======== DATA EXTRACT

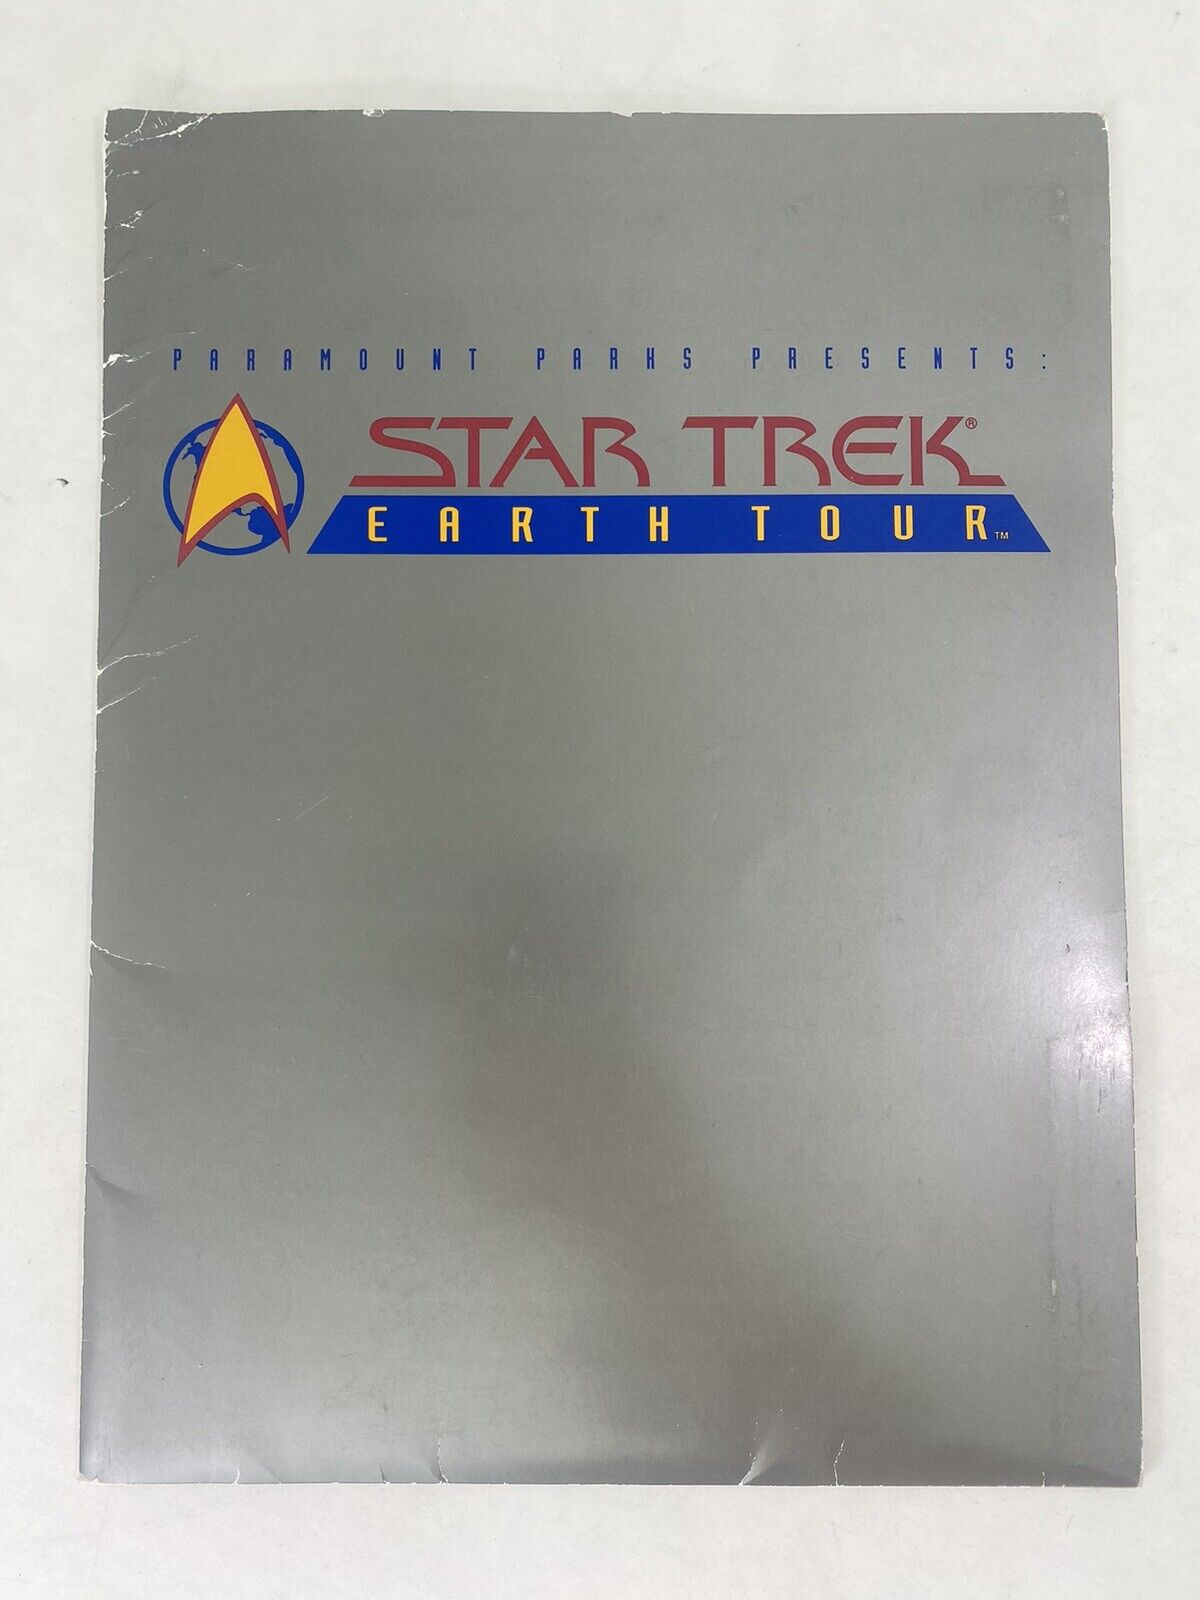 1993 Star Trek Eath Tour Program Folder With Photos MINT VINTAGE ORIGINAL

================
======== DATA EXTRACT

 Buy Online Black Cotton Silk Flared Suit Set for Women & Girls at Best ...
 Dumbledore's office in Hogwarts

================
======== DATA EXTRACT

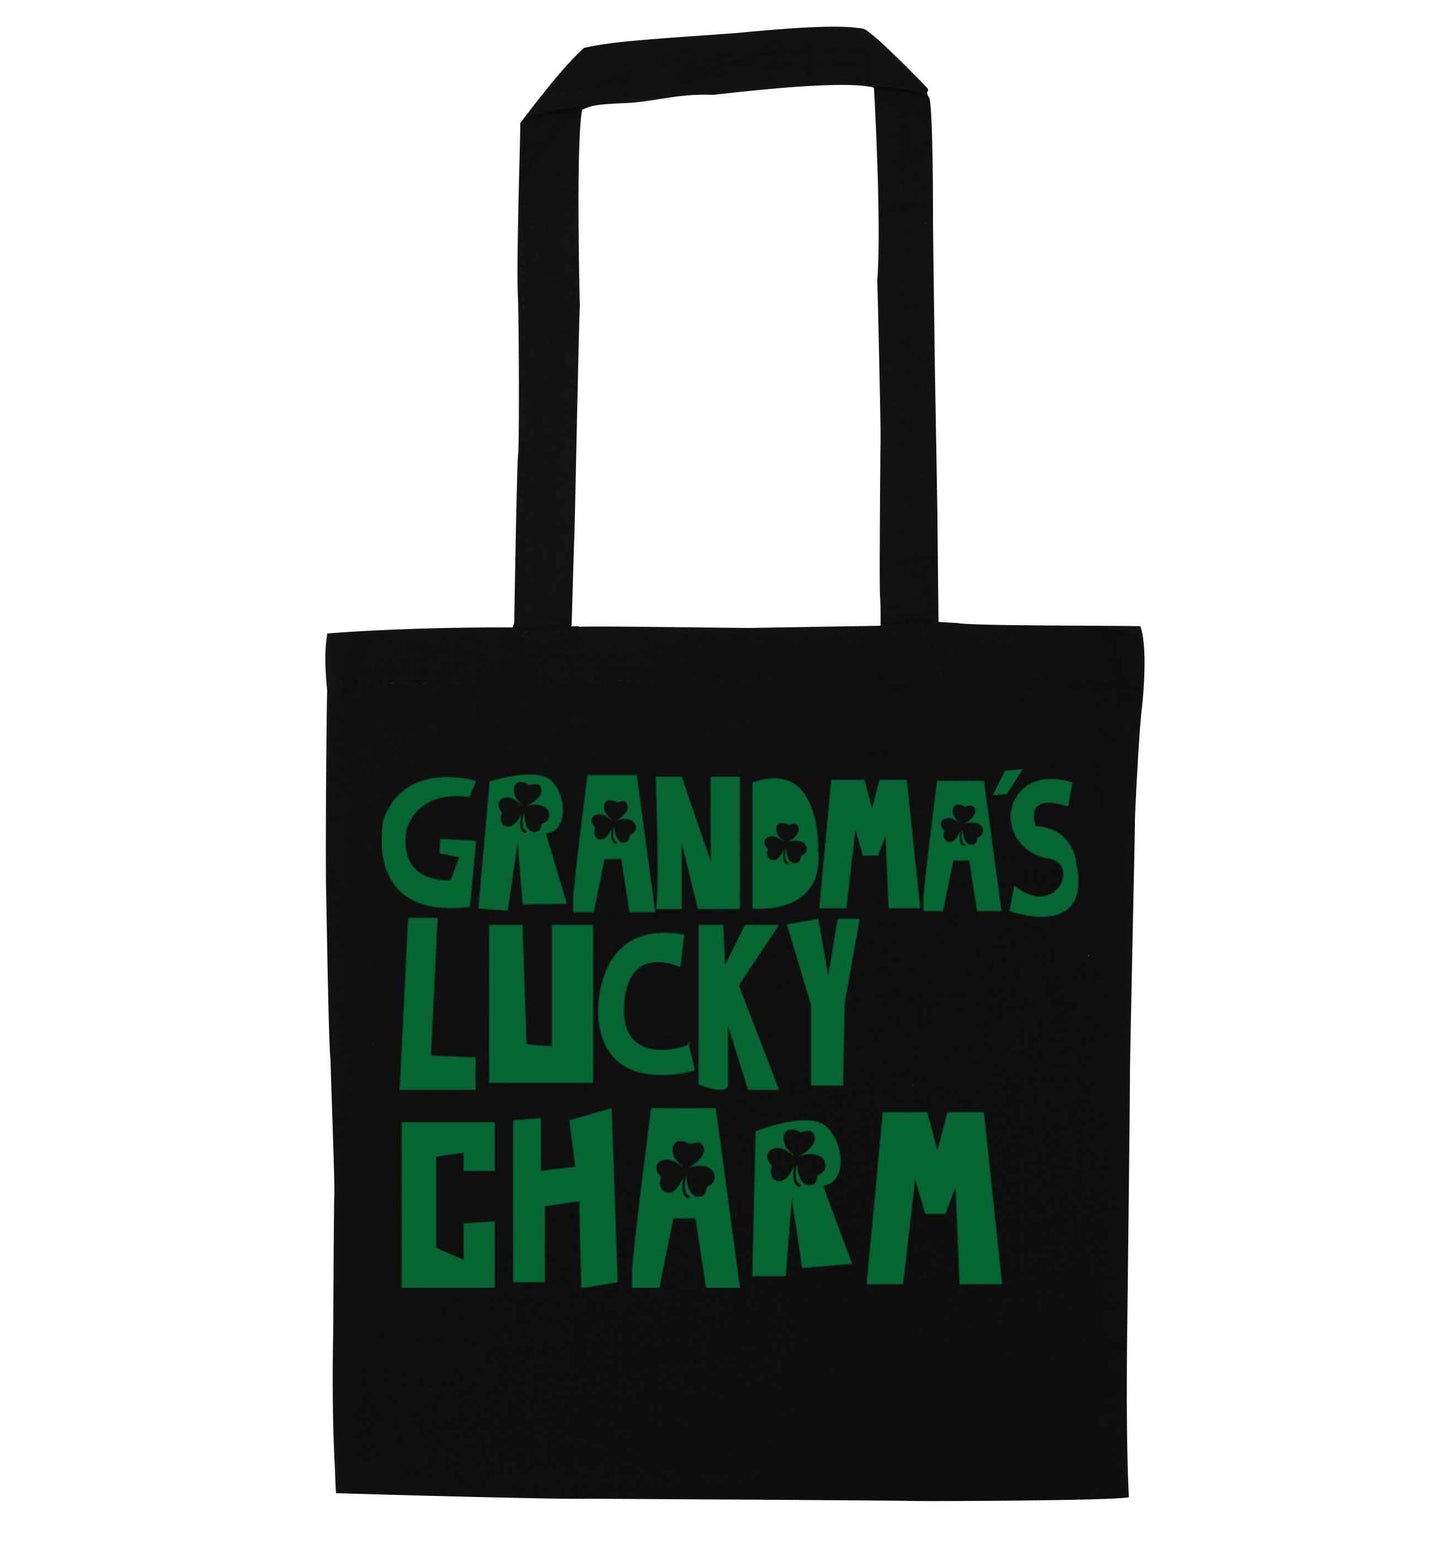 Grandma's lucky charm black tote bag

================

In the material above, find the line containing "Buy Online Black" and the line containing "Dumbledore's office in Hogwarts", then write out exactly those two lines and every line between them, and nothing more.

* _TASK RESPONSE_
 Buy Online Black Cotton Silk Flared Suit Set for Women & Girls at Best ...
 Dumbledore's office in Hogwarts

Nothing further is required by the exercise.